# Hap Fire Dwarf?



## Shaky (Jan 2, 2003)

LFS has a bunch of baby haps labelled hap fire dwarf. Neither I or the employees in the store have ever heard of it before.
I'm wondering if anyone has heard of this, or heard of any other dwarf haps?
Very intriguing.
Google shows a possible fire hap Victorian and a red emp called a fire hap. No dwarfs.


----------



## cjacob316 (Dec 4, 2008)

maybe they consider 6 inches dwarf for haps


----------



## 24Tropheus (Jun 21, 2006)

Or maybe one of these.
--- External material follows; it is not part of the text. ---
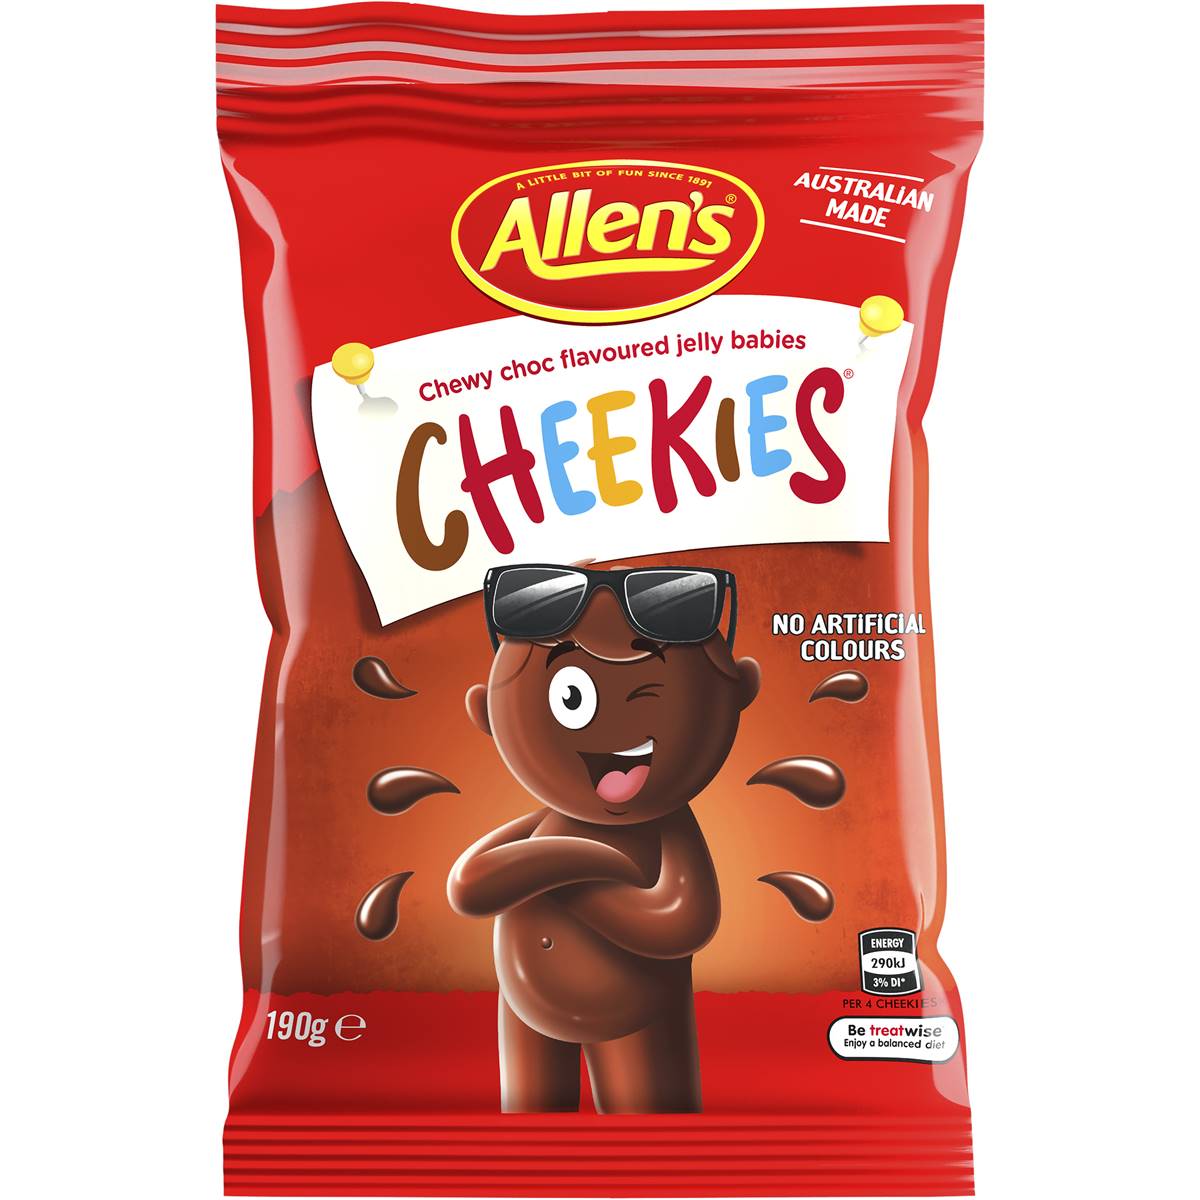 Calories in Allen's Chicos Chocolate Jelly Lollies

They seem to have bred these so they show colour in both male and females at only 1".
http://images.google.co.uk/images?hl=en ... CBAQsAQwAA

Being a hybrid man made fish they could use quite a few names to sell them.

But emerald fire and quite a few Vic "haps" and hybrids show red colour very small too.

Could be lots of things sorry.


----------



## 24Tropheus (Jun 21, 2006)

I do remember some Vics were sold using the name Haplochromis sp. "fire" years ago and I found this on the web. http://www.bigskycichlids.com/Hsp_fire_red_uganda.htm

But which real species they are or were (pure or hybrid) or if those are the same is beyond me.

A photo may help.

All the best James


----------



## Shaky (Jan 2, 2003)

Thanks for the research.
I'm positive its not the peacock - it had bold horiz. stripes. It looked very much like a juv. red emp.


----------